Will Sandy's economic impact be felt in Wisconsin?

BROWN DEER -- Calculating just how much damage superstorm Sandy has inflicted won't be easy, but economists predict the final cost of the storm will be between $30 million and $50 million. As cleanup efforts begin on the east coast, some in Wisconsin are wondering what kind of economic impact the storm will have here in the Midwest.

When Hurricane Katrina struck in 2005, gas prices went up across the country. However, experts say despite Sandy's strength and devastation, they don't expect gas prices to change that much.

On Tuesday, the nation got a glimpse of the damage left behind by Sandy. Millions were without power and transportation systems remained crippled.
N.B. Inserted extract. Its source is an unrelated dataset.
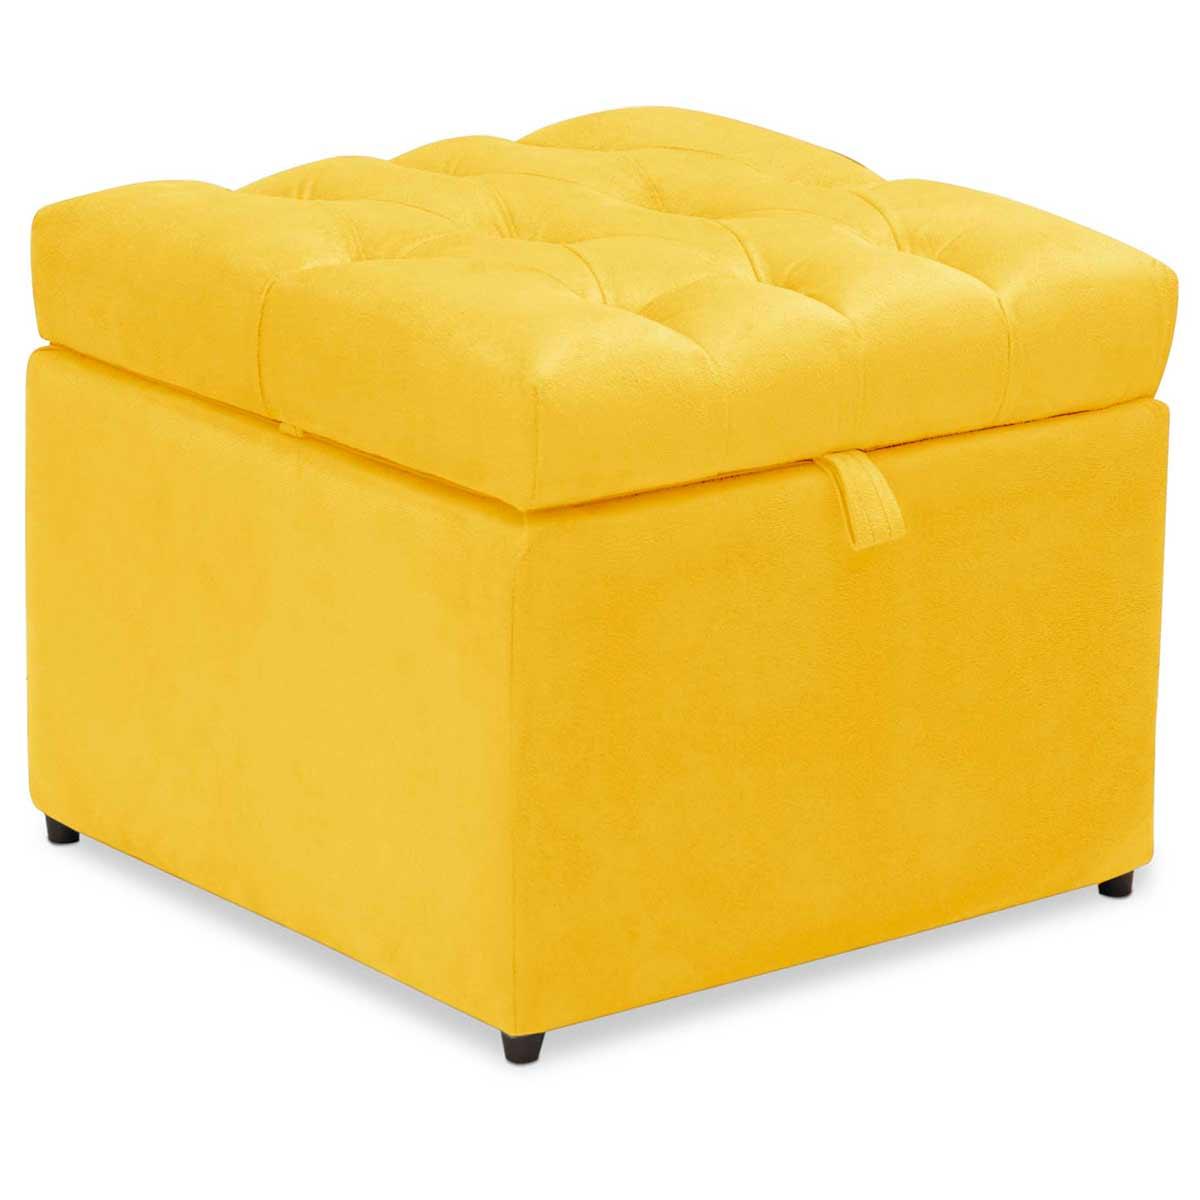 Kit 2 Puff Baú Mali Animale Amarelo Arte das Cabeceiras

Experts say despite the widespread damage Sandy caused, the economic impact should be temporary and limited.

"Nationwide, we are not going to see that much of an impact.  The impact would mostly be concentrated in the east coast. Food prices will be affected because supply transportation has been disrupted," Marquette University Economics Dept. Chair Abdur Chowdhury said.

Chowdhury says any nationwide impact on food, utilities and even gas prices won't be significant. Analysts at GasBuddy.com agree.

"The northeast is not exactly the refining hub that the Gulf Coast is. We shouldn't see price fluxuations -- especially outside the east coast," Patrick DeHaan with GasBuddy.com said.

Small businesses damaged by Sandy will need time to recover, but analysts say that should be balanced out in the overall market by an uptick in construction.

After an historic two days shut down, the U.S. markets are expected to reopen Wednesday. Trading volume is expected to surge. Throughout much of the month, an average of 3.5 billion shares have been exchanging hands each day, but experts say that could double on Wednesday.

"I'm expecting to see a little more volatility in the stock market," Chowdhury said.

As for who will cover the cost of the storm, it's predicted government spending and insurance will cover 60% to 70% of the damage.

Experts say because there haven't been a lot of natural disasters this year so far, there shouldn't be much of an increase.